Video Gaming for STEM Education Kim J. Hyatt, Jessica L. Barron, Michaela A. Noakes - 2012


Support : Références scientifiques
Author(s) : Kim J. Hyatt, Jessica L. Barron, Michaela A. Noakes
Editor : Cases on E-Learning Management: Development and Implementation: Development and Implementation, 103.
Date : 2012
Lang : Lang




The focus of this chapter is how video games can be utilized for instructional purposes, specifically in the STEM areas (Science, Technology, Engineering, and Mathematics). Gaming, as an instructional tool, enables educators to create participatory learning activities, assess understanding of complex and ill-formed situations, facilitate critical thinking and problem solving capabilities, and ensure active engagement across the learning continuum for all students. How to use it effectively, however, is a topic of debate among many educational scholars. In order to create innovative ways to teach classic concepts using video games, instructors need diverse skills: technology skills to access video games that meet the needs of today’s learners for active engagement, instructional skills to integrate theory and practice, as well as adhere to the standards of academic rigor, and leadership skills to guide students to higher levels of critical and creative thinking. Therefore, this chapter will explore the vast world of video games and the opportunities for instructors to incorporate them into lesson planning. The basis of this empirical work is to align the guiding principles of STEM with the identification of accessible games, based upon learning principles and assessment strategies.

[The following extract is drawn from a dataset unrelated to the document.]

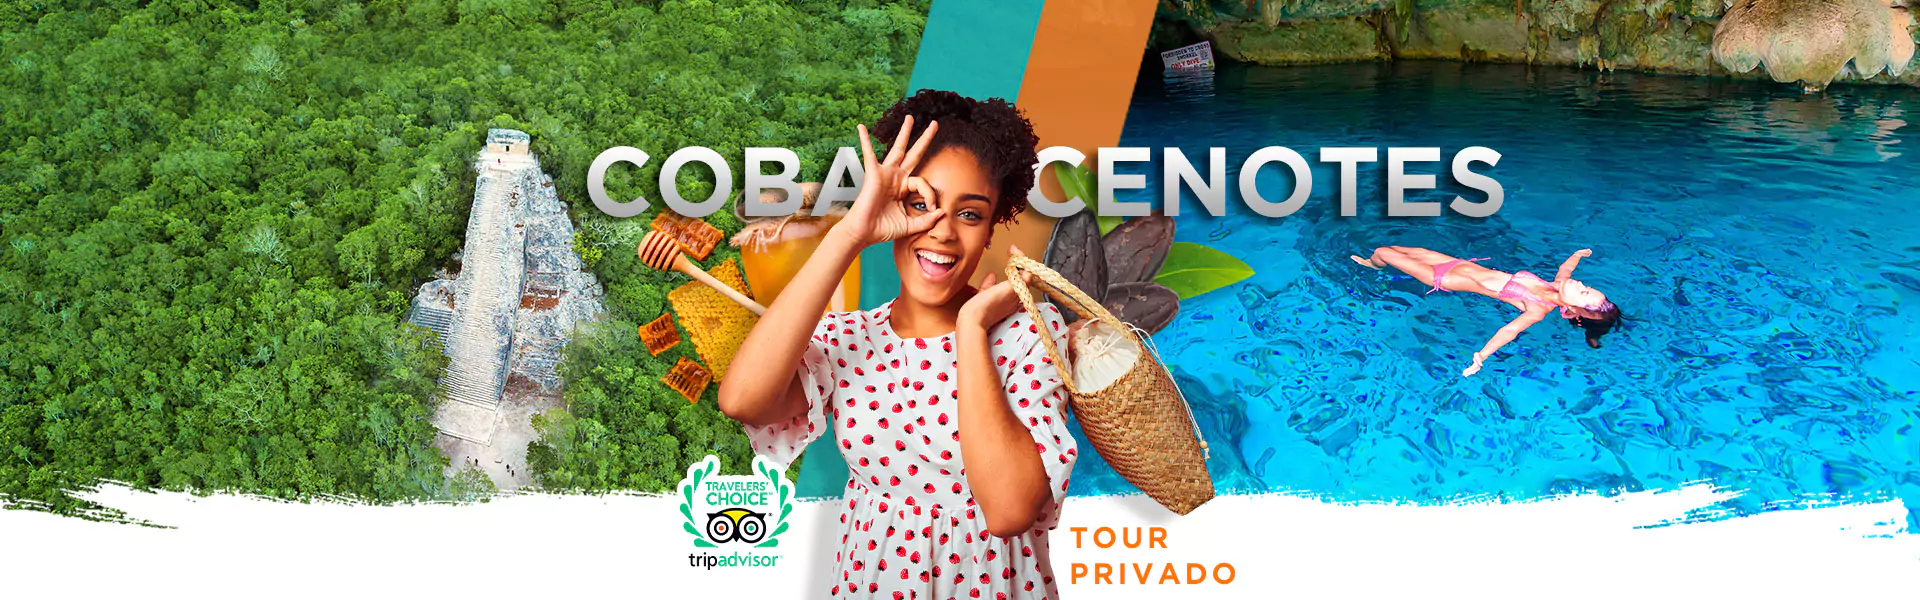 Coba + 2 cenotes tour best deals in Tulum.

The challenge for 21st century educators will be how to bridge the gap between the traditional development of skill sets to meet workforce demands in a dynamically changing global economy that simultaneously creates employees who are capable of innovation, collaboration, and deep critical thinking.


References (1):


Djaouti D, Alvarez J, Jessel JP. Can game 2.0 help design serious games? A comparative study, in Proceedings of the 5th ACM SIGGRAPH Symposium on video games, 2010; 11–18. Doi:10.1145/1836135.1836137.